Abstract. We will examine how certain geometric conditions on general asymptotically flat spacetimes (M,g) are related to stability or instability properties of solutions to the scalar wave equation on M. First, in the case when (M,g) possesses an event horizon with positive surface gravity and an ergo-region which is sufficiently small in terms of the near-horizon geometry, we will prove a logarithmic decay result for solutions to the wave equation, provided a uniform energy boundedness estimate holds. This result, applicable also in the absence of a horizon and an ergo-region, generalizes a result of Burq for the wave equation on the complement of an arbitrary compact obstacle in flat space. We will then apply the methods developed for the proof of this result in obtaining a rigorous proof of Friedman’s ergosphere instability for scalar waves in the case when (M,g) possesses an ergo-region and no event horizon.

#### 15h30 Xavier Lachaume (Tours)

**The constraint equations of scalar tensor and Lovelock theories**

Abstract. The ADM decomposition is the projection of the Einstein field equations on a spacelike foliation of the spacetime. It gives the constraint equations that must necessarily be satisfied by a riemannian metric and a 2-form to be the initial data of an Einstein spacetime. In this talk, we shall introduce some modified gravity theories: the scalar-tensor and Lovelock theories, and see how they behave under the ADM decomposition. We shall examine their constraint equations, and solve them in particular cases. This involves the study of whether a certain function of the elementary symmetric polynomials is concave or not.

#### Monday February 27, 2017

*room 15/16-309*

#### 14h Mokdad Mokdad (Brest)

**Conformal scattering for Maxwell fields on Reissner-Nordstrøm-de Sitter spacetimes**

Abstract. The Reissner-Nordstrøm-de Sitter spacetime models a spherically symmetric charged and non-rotating black hole in the presence of a positive cosmological constant. Depending on the parameters of the metric, this spacetime can have up tothree distinct event horizons. In the case of three horizons, we develop a scattering theory for Maxwell fields using the conformal geometric approach initiated by Penrose and Friedlander and referred to as conformal scattering. The idea is that a complete scattering theory is equivalent to the well-posedness of the Goursat problem (characteristic Cauchy problem) at the null boundary of the conformal manifold. Decay estimates obtained by geometric energy inequalities are essential tools for closing the estimates that allow the construction of the scattering operator : their role is to prove that energy cannot accumulate at timelike infinity, which can be understood as a weak form of Huygens’ principle.

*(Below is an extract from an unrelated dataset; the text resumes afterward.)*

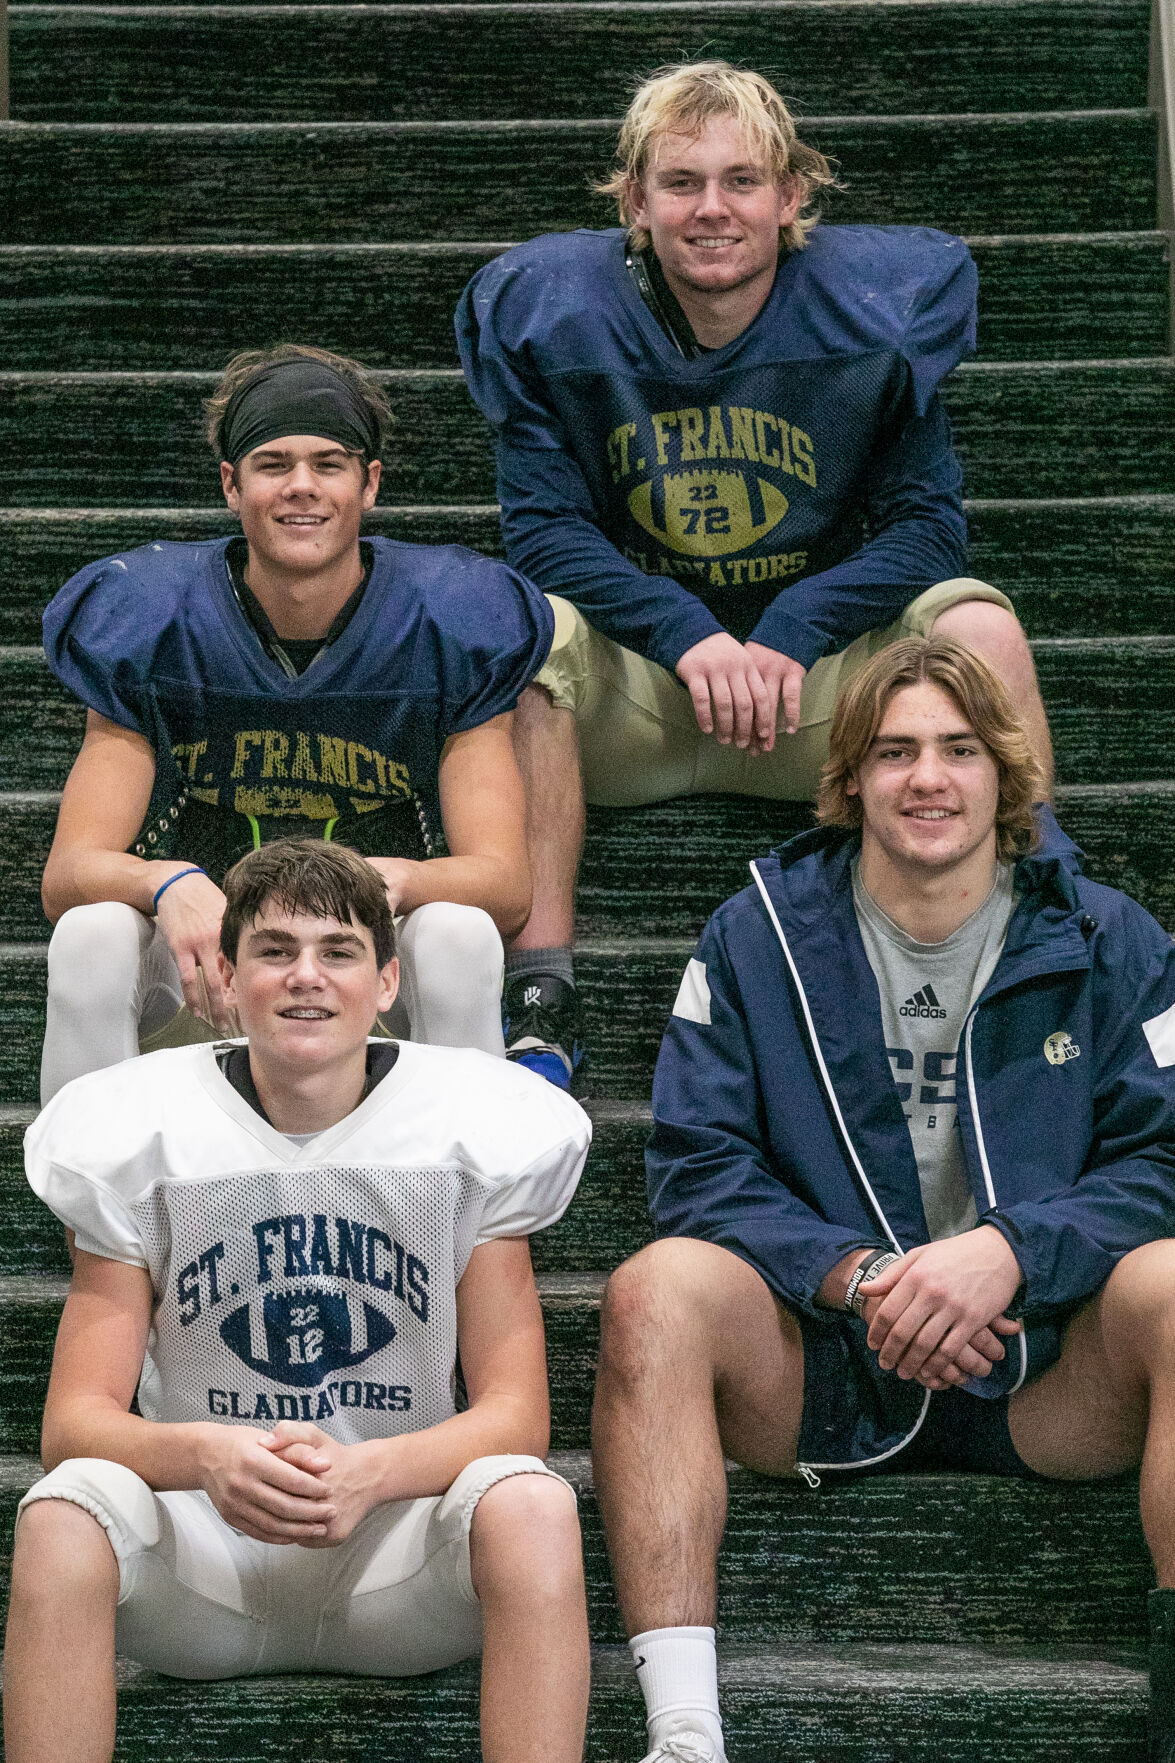 Glad hand-me-down: Traverse City St. Francis players aim for multi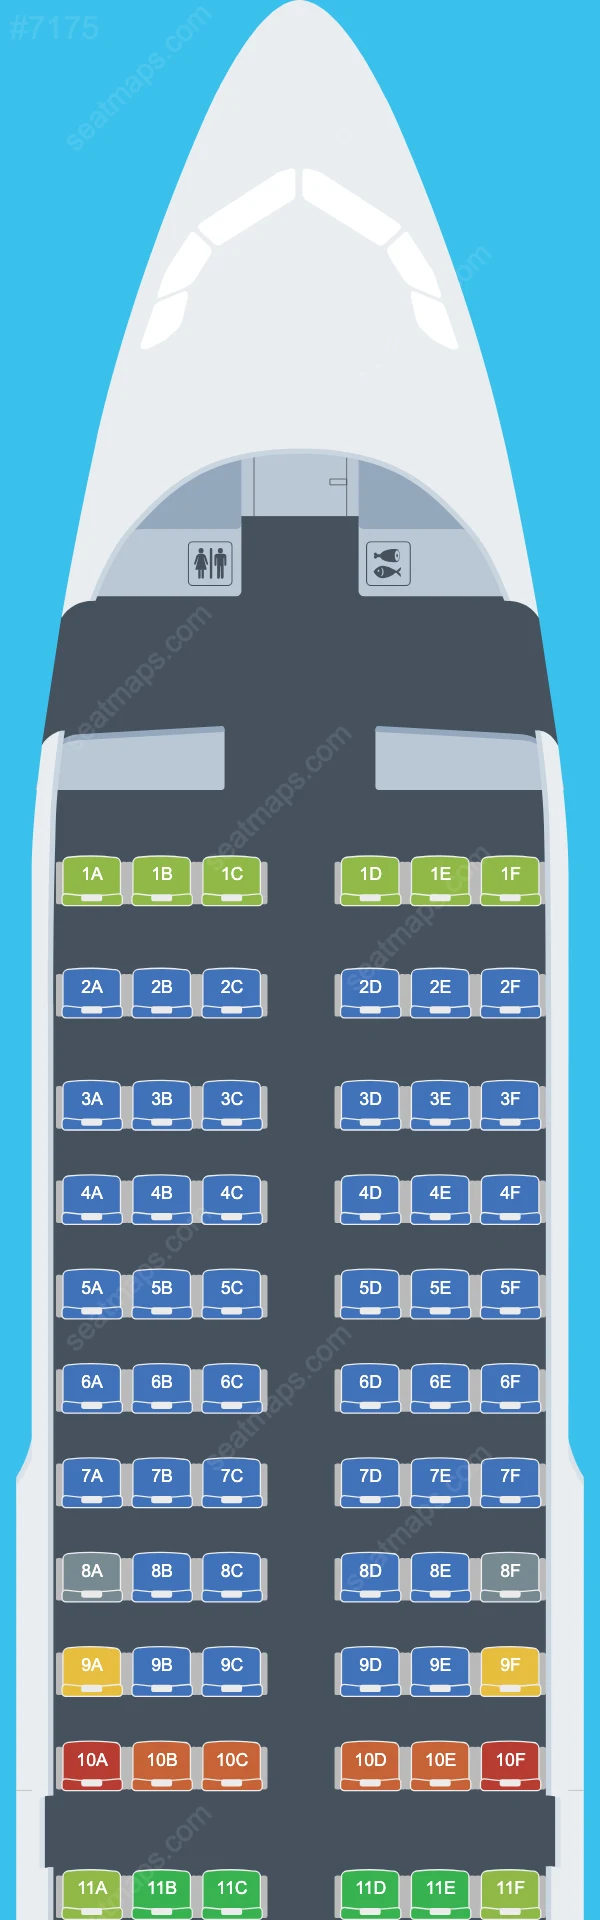 West Air Airbus A319-100 seatmap mobile preview

#### 15h30 Annalaura Stingo (Paris 13)

**Global existence and asymptotic behavior for small solutions to 1D quasi-linear cubic Klein-Gordon equations**

Abstract. Let u be a solution to a quasi-linear cubic Klein-Gordon equation, with smooth, small Cauchy data. It is known that, under a suitable condition on the nonlinearity, the solution is global-in-time for compactly supported Cauchy data. We prove that the result holds even when data are not compactly supported but only decay like 1/r at infinity, combining the method of Klainerman vector fields with a semiclassical normal forms method introduced by Delort. Moreover, we get a one-term asymptotic expansion for the solutions and establish a modified scattering property.

#### Monday March 20, 2017

*room 15/16-309*

#### 14h Dominic Dold (Cambridge, UK)

**Exponentially growing mode solutions to the Klein-Gordon equation in Kerr-AdS spacetimes**

Abstract. We consider solutions to the Klein-Gordon equation in the black hole exterior of Kerr-AdS spacetimes. It is known that, if the spacetime parameters satisfy the Hawking-Reall bound, solutions (with Dirichlet boundary conditions at infinity) decay logarithmically. We shall present our recent result of the existence of exponentially growing mode solutions in the parameter range where the Hawking-Reall bound is violated. We will discuss various boundary conditions at infinity.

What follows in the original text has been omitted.